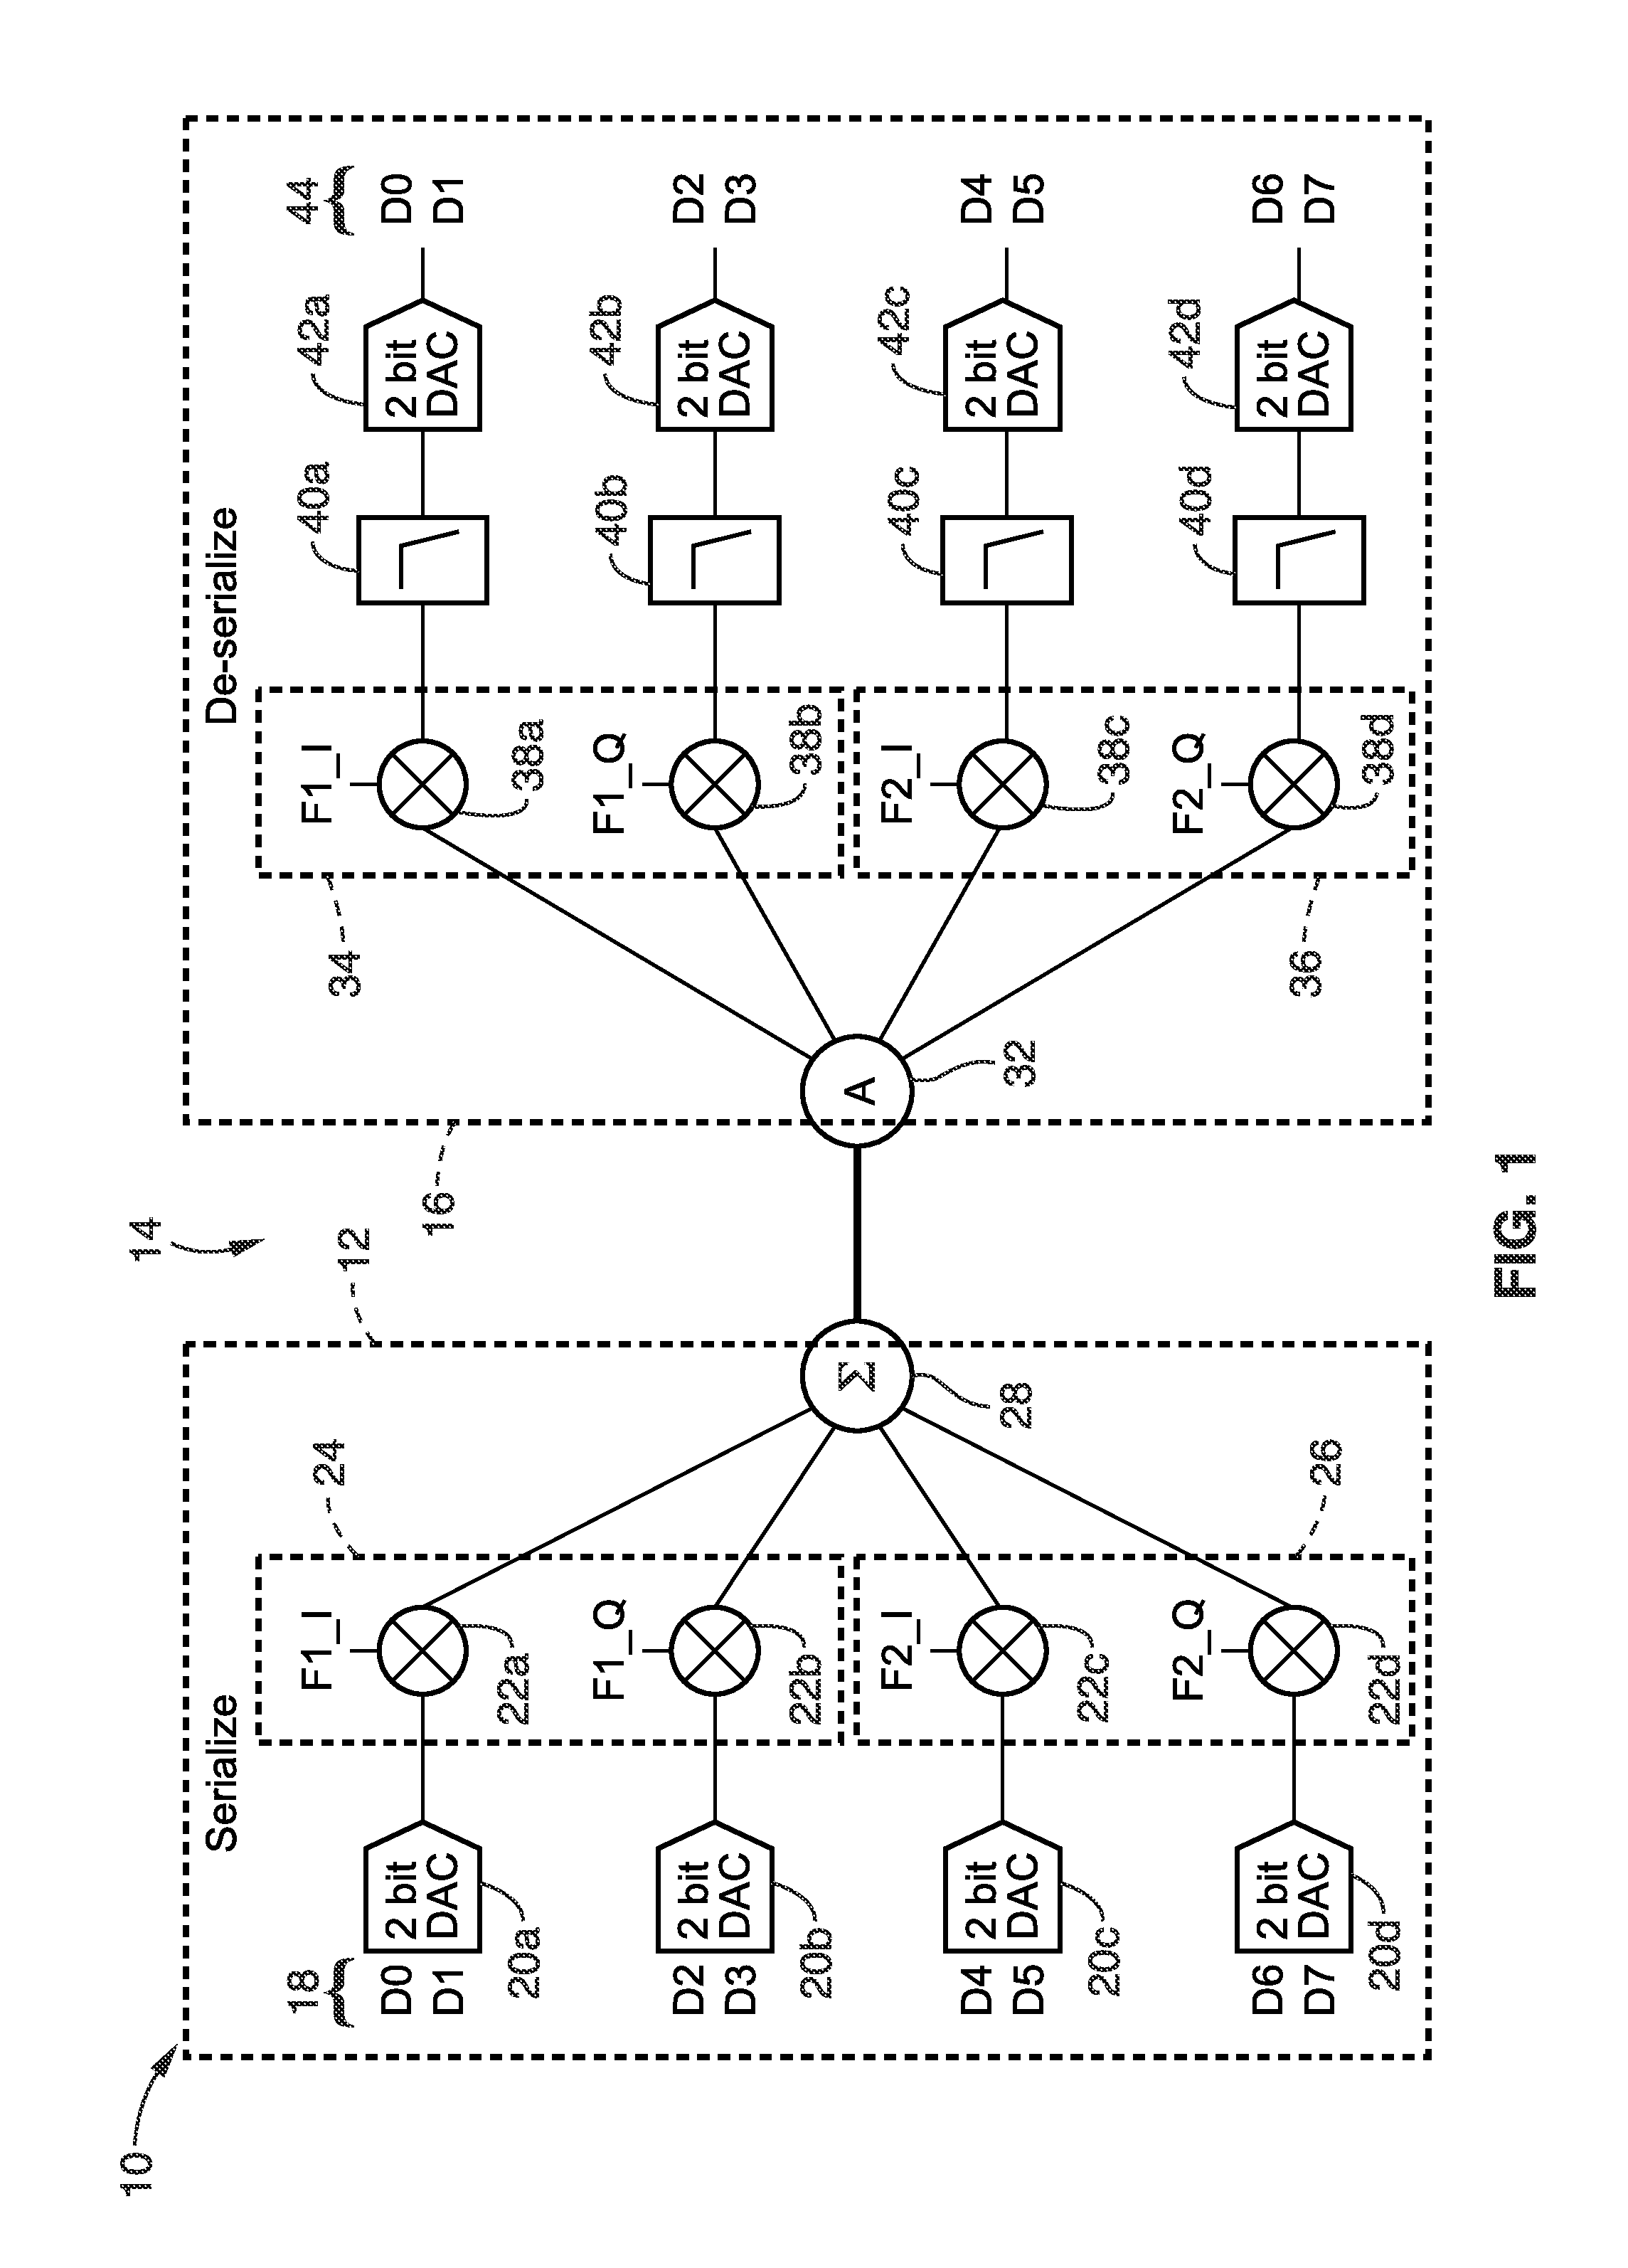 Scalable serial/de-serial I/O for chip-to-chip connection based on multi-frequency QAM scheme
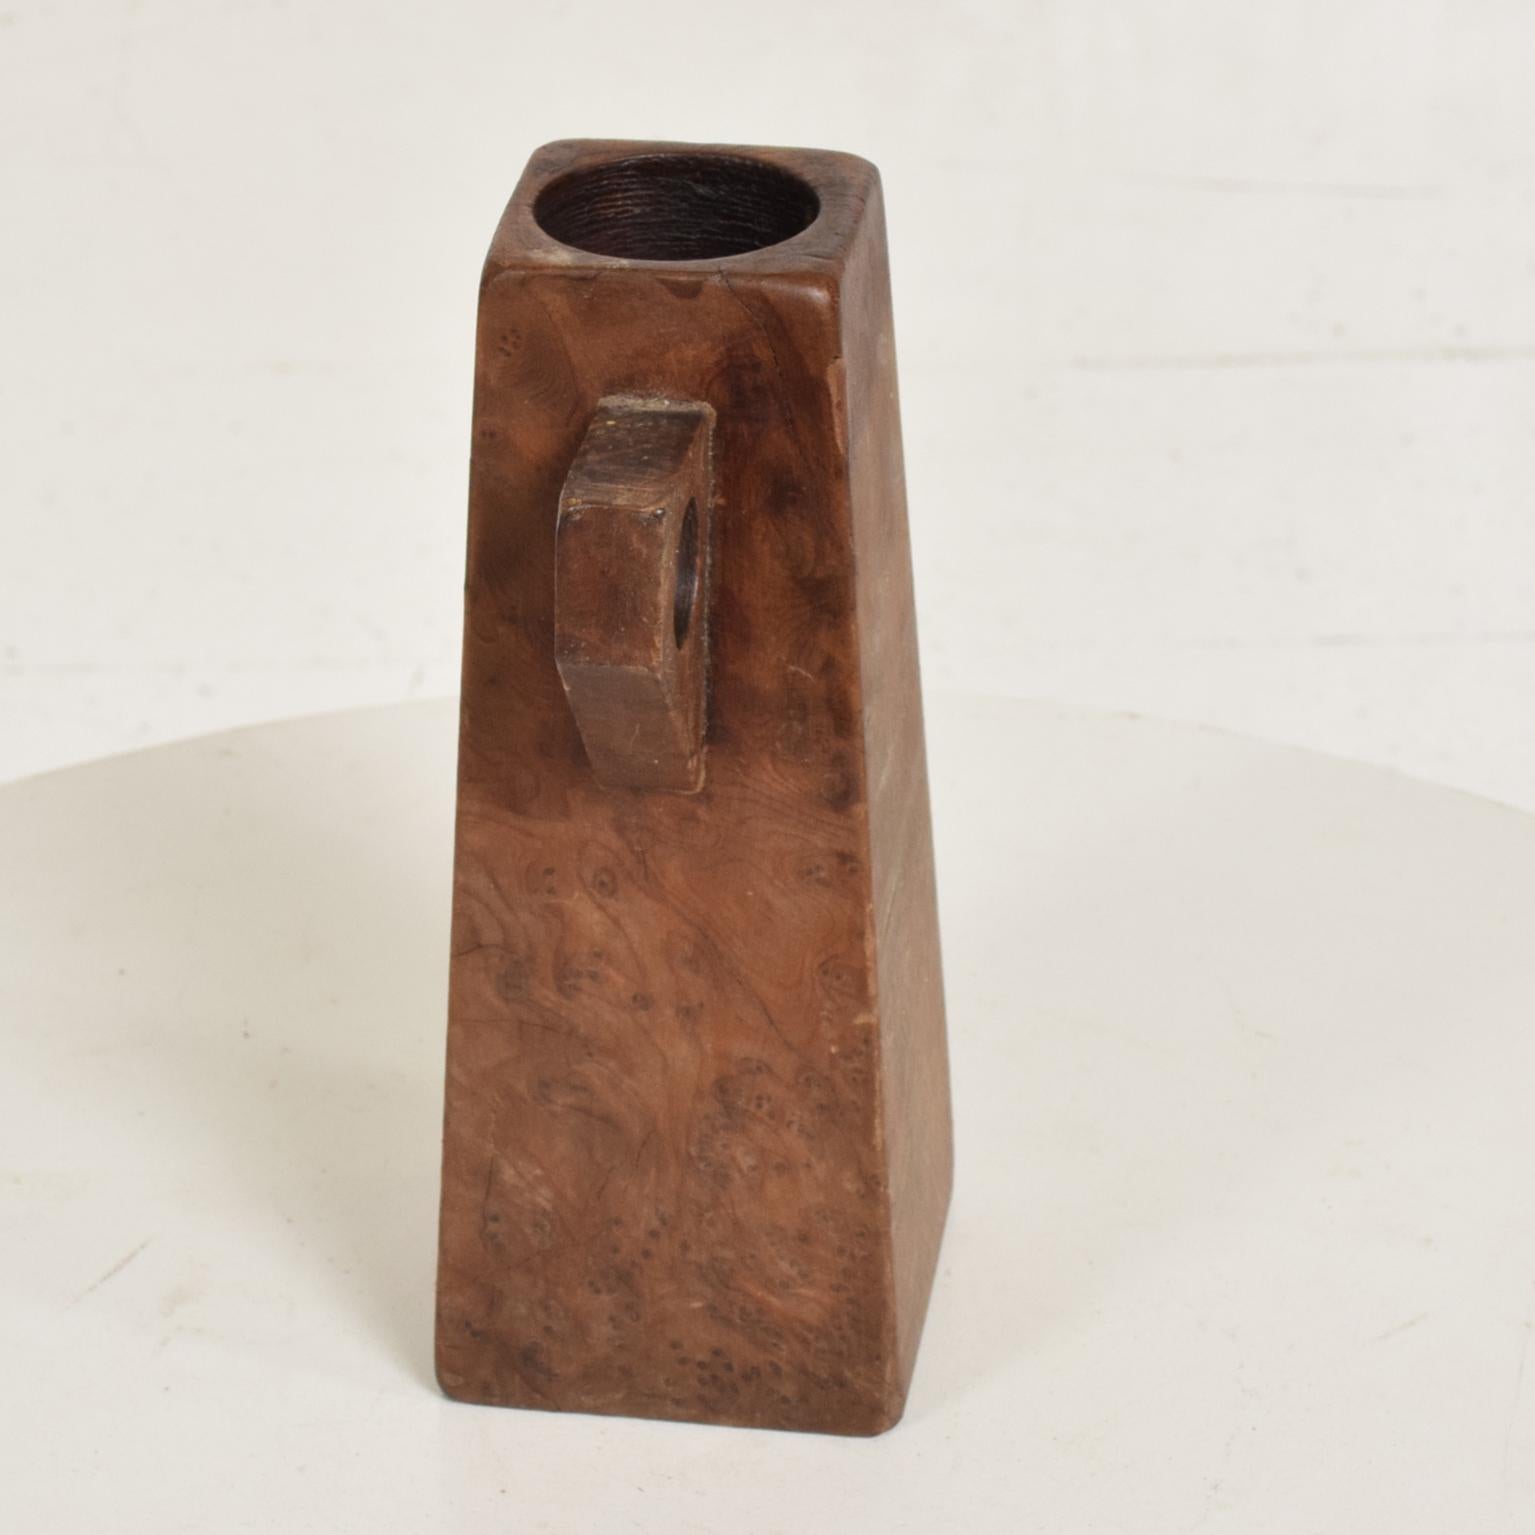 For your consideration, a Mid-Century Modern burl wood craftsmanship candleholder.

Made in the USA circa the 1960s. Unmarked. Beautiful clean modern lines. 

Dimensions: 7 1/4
----------
- What is needed:
The answer must be the full listing, word for word, with no images in it.

- Answer box:
 Scalable serial/de-serial I/O for chip-to-chip connection based on multi-frequency QAM scheme
 For your consideration, a Mid-Century Modern burl wood craftsmanship candleholder.

Made in the USA circa the 1960s. Unmarked. Beautiful clean modern lines. 

Dimensions: 7 1/4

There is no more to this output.